The online home of the Central Focus

FHCtoday.com

Reforming health care

We can all imagine it: the stress of an accident, maybe it’s a car crash you were lucky to survive, but now you owe thousands of dollars for a problem that you did not even cause. No one wants to be put in that situation, and that is the argument that many people access in defense of the heath care reform.

The United States of America currently has a few basic public health care programs, such as Medicare, Medicaid and the Veterans Health Administration. In turn, the people are not calling on the creation of a brand new system, but a reform. This reform could create universal health care, or stronger health programs that pay off more money.

Although we currently have some health care programs, they do not cover everyone, nor do they cover all expenses. Medicare only covers people over the age of 65, whereas Medicaid only covers low income families.

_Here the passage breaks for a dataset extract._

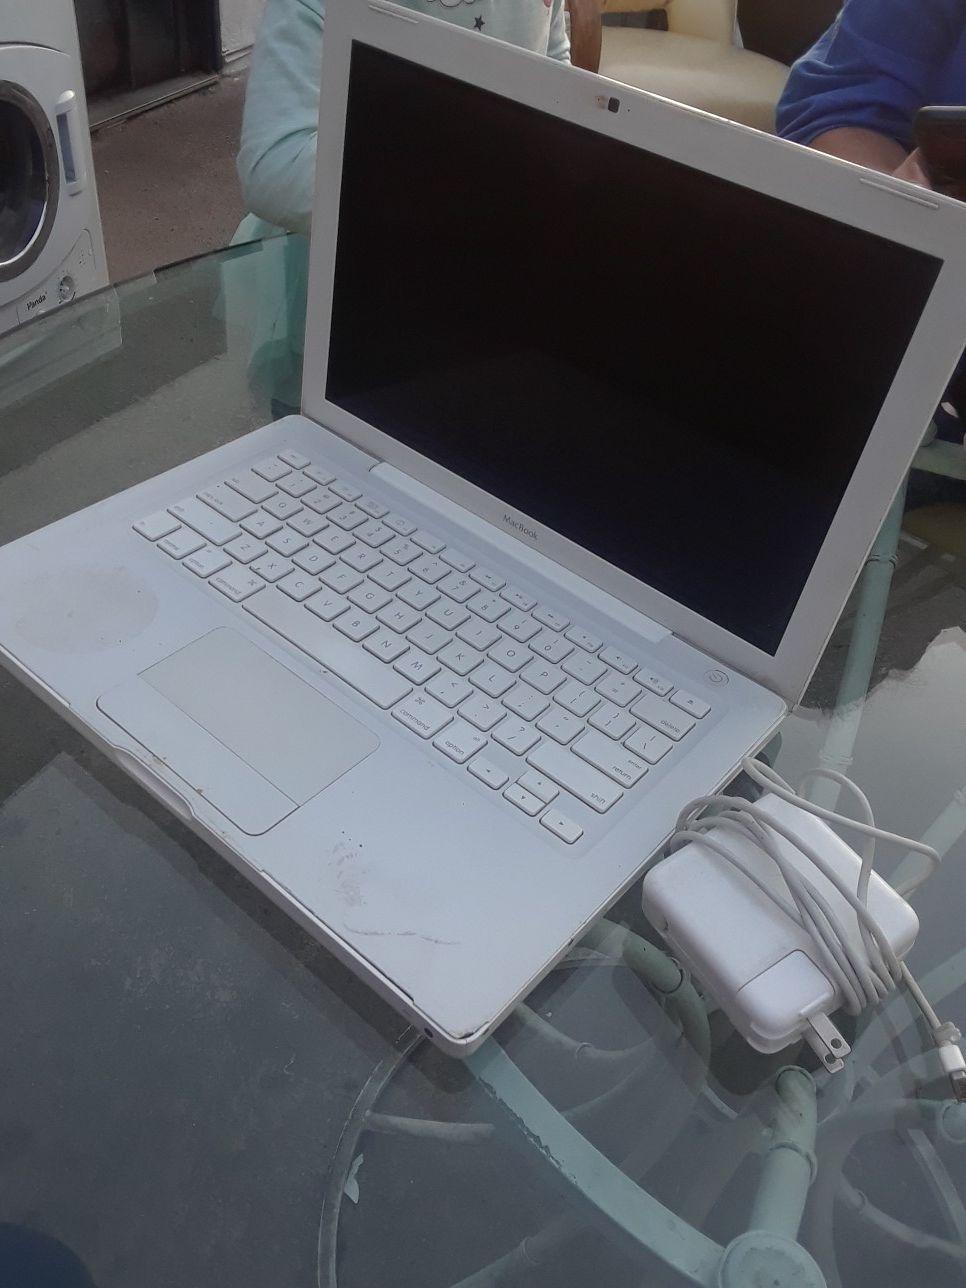 Used Apple laptop LOCKED !!

Junior Nick Venable thinks the existing federal programs are a step in the right direction.

“I think that if the current proposition for health care is passed, that [health care] will be easier to obtain and be more modernized,” said Venable. “But our future generations will still be paying for our health care debts to keep the program going.”

Dean of Freshmen Lucas Lammers says when people do not understand a bill, they base their opinions on what they have heard from other people, people who may not have the time to read such documents.

“The health bill is like 1300 pages long, and politicians are not actually reading [it],” Mr. Lammers said. “Citizen groups are reading this and finding things that are cause for concern. They are going to these town hall meetings and expressing this concern. I think we are going way too fast. This isn’t 1934 and we have FDR ramming through social programs. With something as monumental as heath care, if we do trial and error, and it fails, that’s a lot of dead people.”

There are many allegations of problems with this program, such as “death panels,” in which older people are not covered and, in turn, die.

“They are talking about end of life consulting, so when someone is in a hospital, on a machine, do they want to sign a DNR (Do Not Resuscitate) or not?” said Mr. Lammers. “I think people are freaking out about stuff like that, because they are unsure. I don’t think it’s a necessity, it’s miscommunication. But most people will agree, we need a change.”